→ **Exercise**
Output exactly the lines of the listing below that run from the line with "COACH Trail Bag in Black Smooth Leather" through the line with "Under Armour Men". No pictures.

→ **Data listing**
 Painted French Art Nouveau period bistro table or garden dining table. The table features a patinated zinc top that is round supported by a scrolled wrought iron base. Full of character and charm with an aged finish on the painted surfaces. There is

--

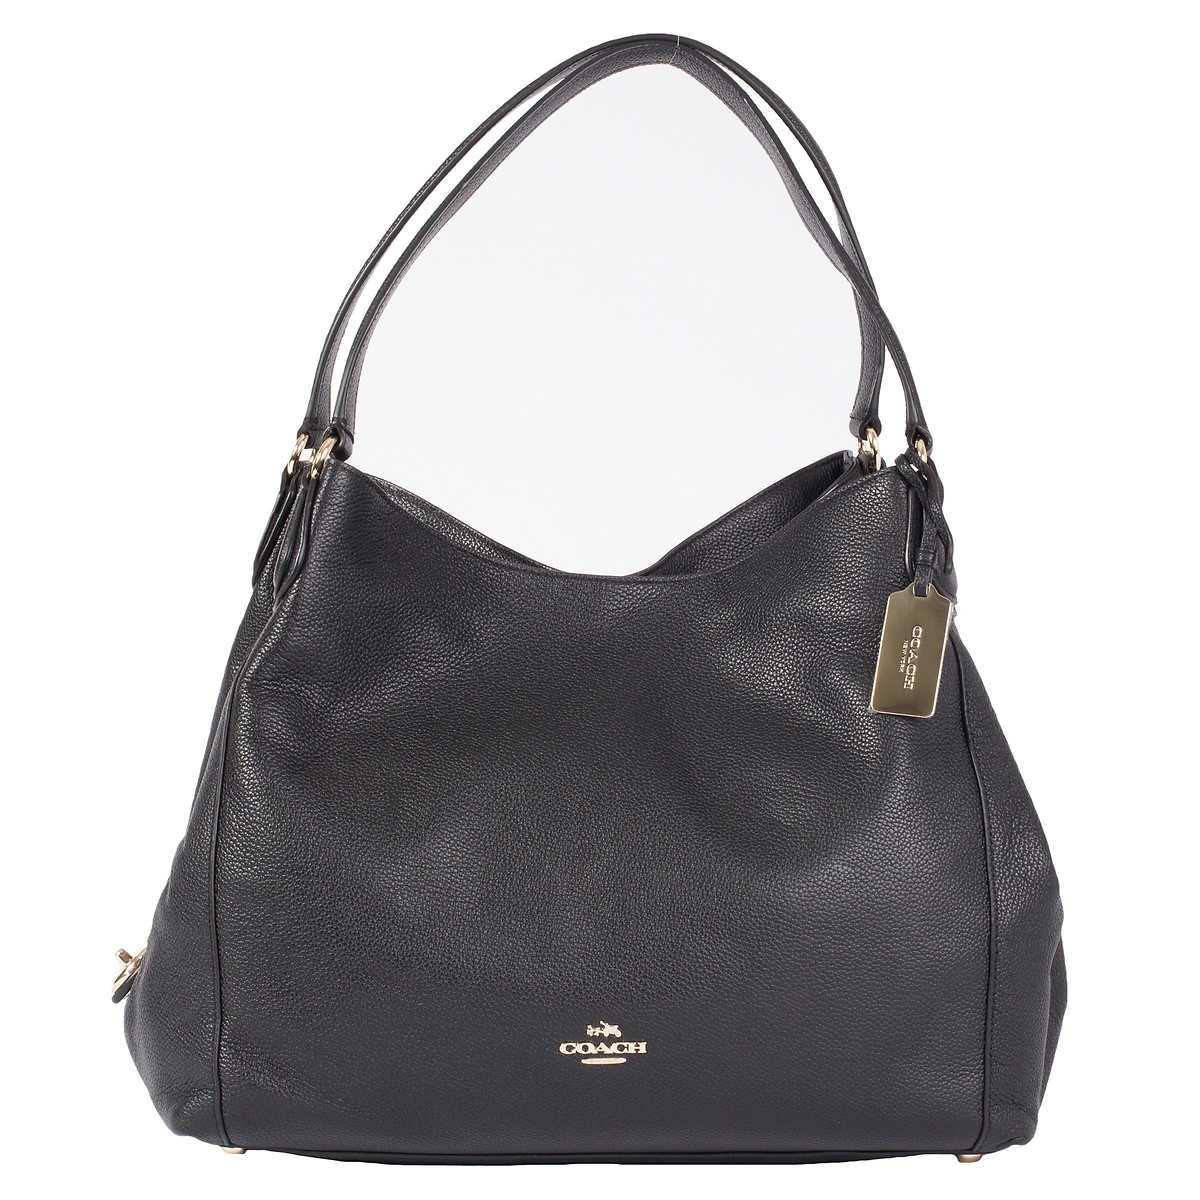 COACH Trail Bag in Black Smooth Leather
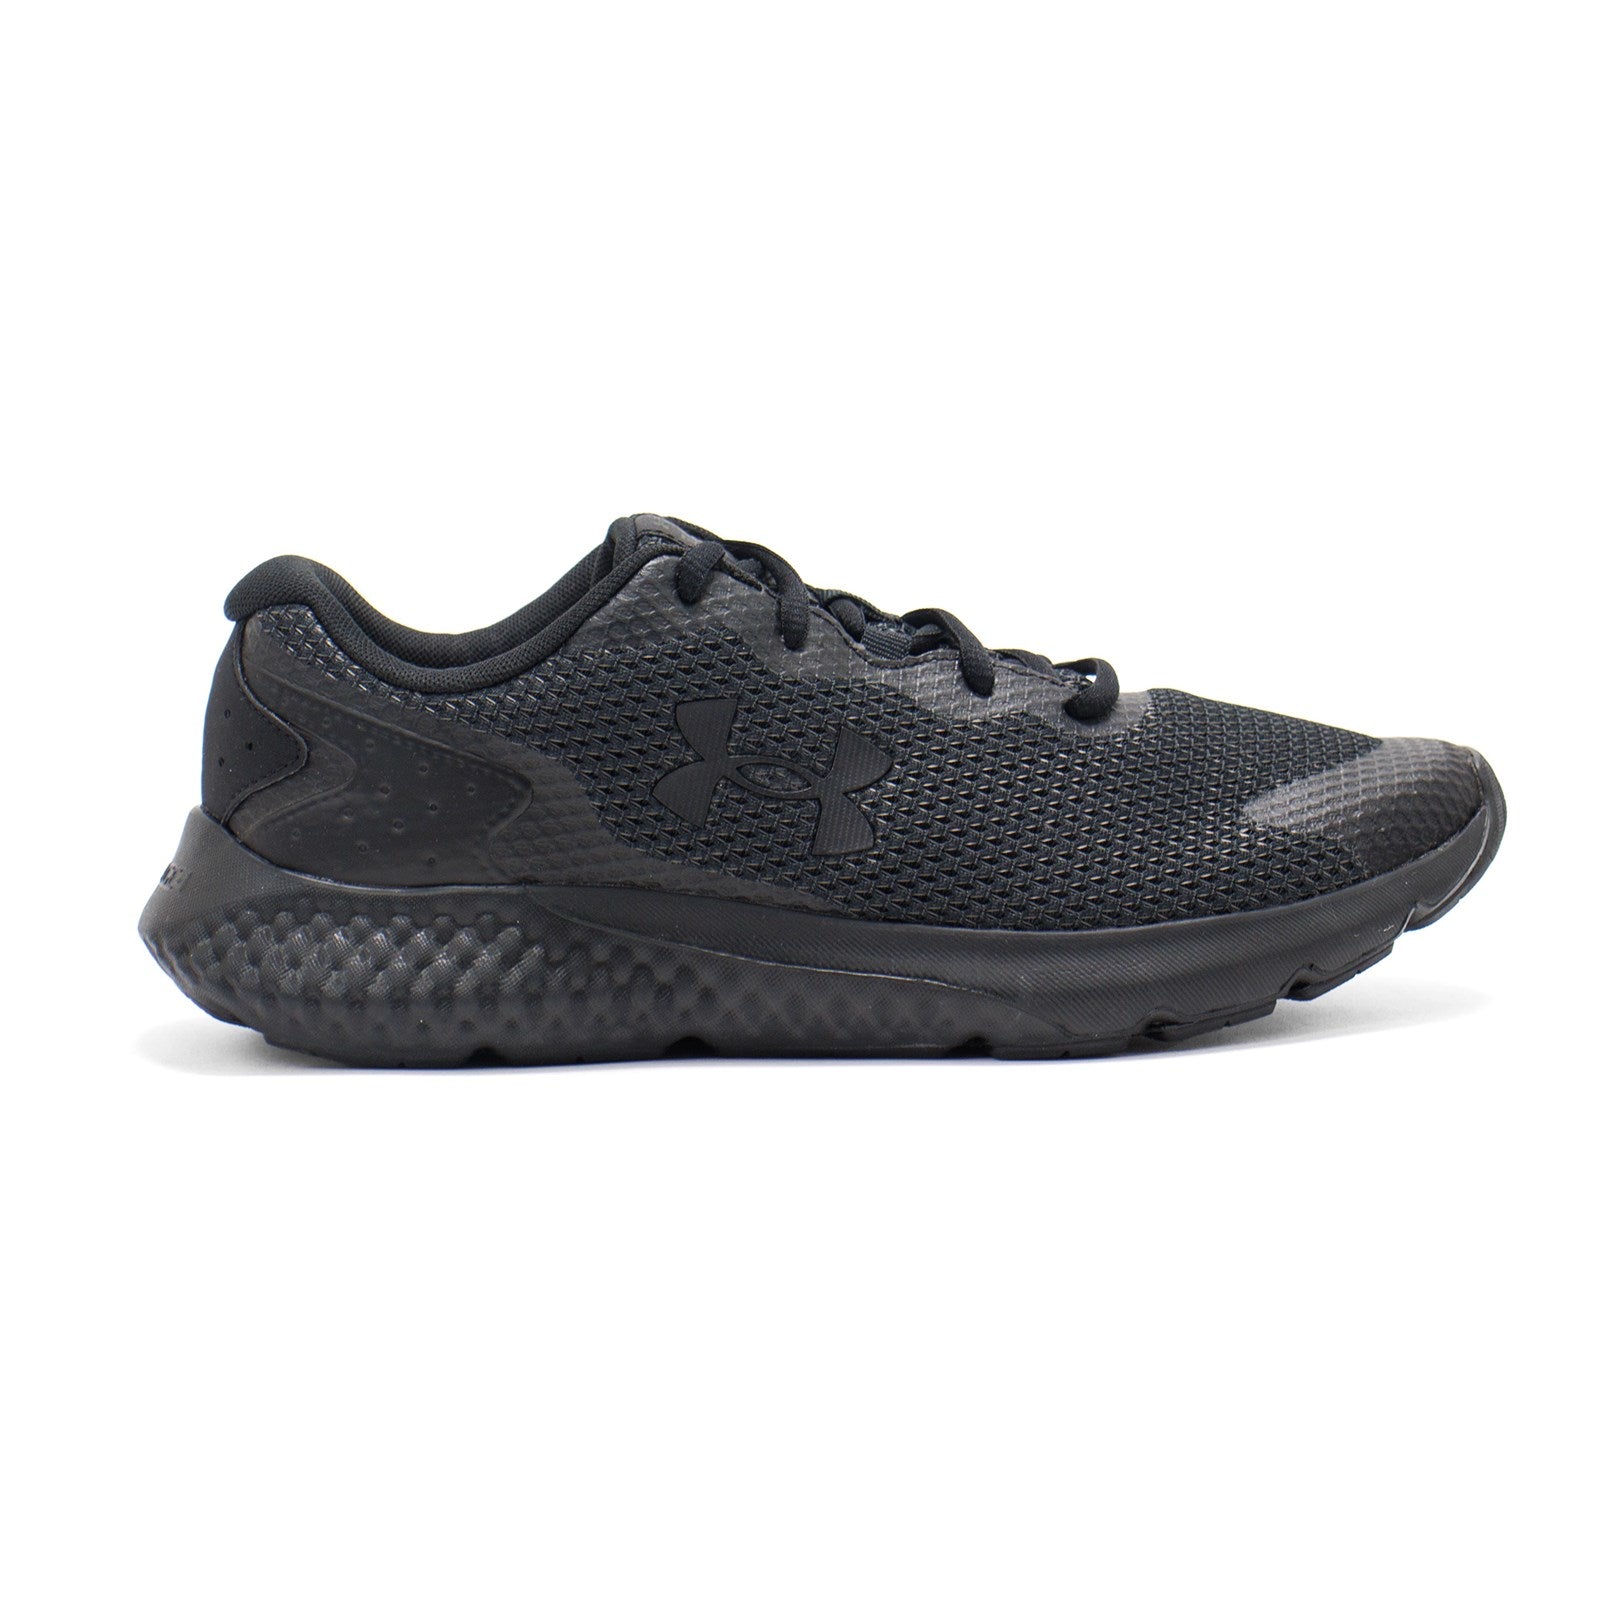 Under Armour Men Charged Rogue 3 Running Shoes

→ **Task response**
 COACH Trail Bag in Black Smooth Leather
 Under Armour Men Charged Rogue 3 Running Shoes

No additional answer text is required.